Nella Piccola sfera dovevano rientrare, oltre alla sfera interna, la Siberia orientale, la Cina meridionale, l’Indocina e il Pacifico meridionale. Infine, la Grande sfera comprendeva la Piccola sfera, l’Australia, l’India e gruppi di isole del Pacifico. Vi era quindi un immenso progetto di riunificazione grazie al quale i Paesi asiatici avrebbero risollevato il loro status di colonie e avrebbero ottenuto l'indipendenza. Venne avviato quel processo di conquista che durò fino alla fine della Seconda Guerra Mondiale, in cui il Giappone riuscì nel massimo periodo della sua espansione ad arrivare fino alle Indie Orientali Olandesi ad est, a controllare una gran parte dell'Oceano Pacifico con l'Isola di Guam, le Salomone, fino alla parte settentrionale della Nuova Guinea. Vennero commesse atroci violenze ed ingiustizie verso quelle stesse popolazioni che voleva proteggere, motivo di forti attriti per i decenni successivi. Con la sconfitta e la resa nel 1945 tuttavia arrivò il drastico ridimensionamento e sotto lo SCAP (Comando Supremo delle Forze Alleate) venne instaurato un nuovo sistema secondo le norme occidentali, forzando la modernizzazione e modellando il Paese secondo le esigenze statunitensi.

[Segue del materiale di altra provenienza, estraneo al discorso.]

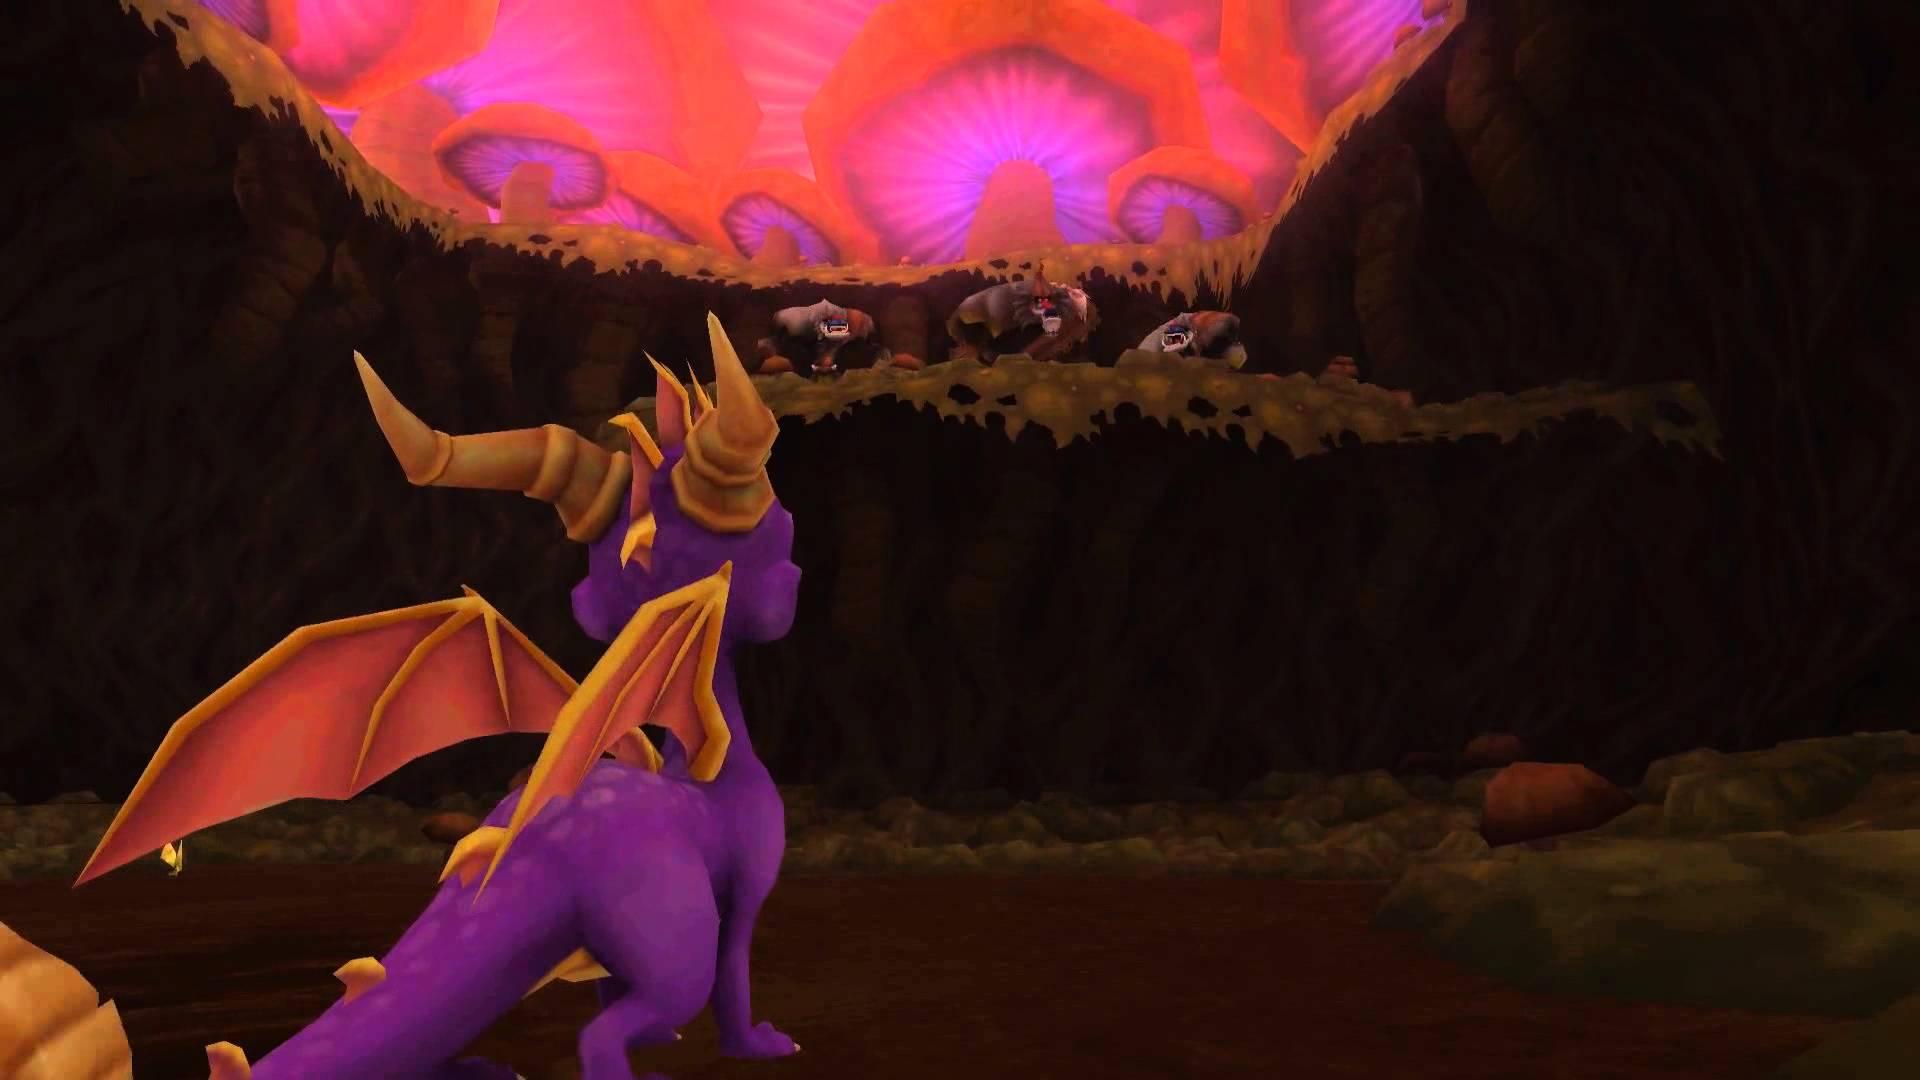 The Legend Of Spyro A New Beginning Press Kit

Così si presenta il Giappone, un Paese che reduce da un passato vissuto in subordine rispetto alle altre grandi Potenze, tentò di riscattare la propria posizione diventando da vittima a carnefice, per poi essere dominato nuovamente. Ha vissuto quindi in primo piano l'esperienza di conquista, è diventata una potenza colonizzatrice durante il ventennio fascista e la Seconda Guerra Mondiale. Per questo motivo è di fondamentale importanza conoscere la storia coloniale nipponica e quali siano stati i risvolti che tuttora la società contemporanea si porta appresso. Il fardello di ciò che è stato subito e a propria volta inflitto, il riconoscimento delle proprie colpe a livello internazionale e il risanamento dei rapporti internazionali, è diventato tra i temi più dibattuti e di difficile analisi del dopoguerra. L'opera di Shinkai Makoto induce profonde riflessioni, intrecciate e forse smorzate a loro volta in questa storia d'amore e d'amicizia.

APPENDICE C:

Schede riassuntive dei film trattati

Nel documento Il cinema d'animazione di Shinkai Makoto (pagine 131-135)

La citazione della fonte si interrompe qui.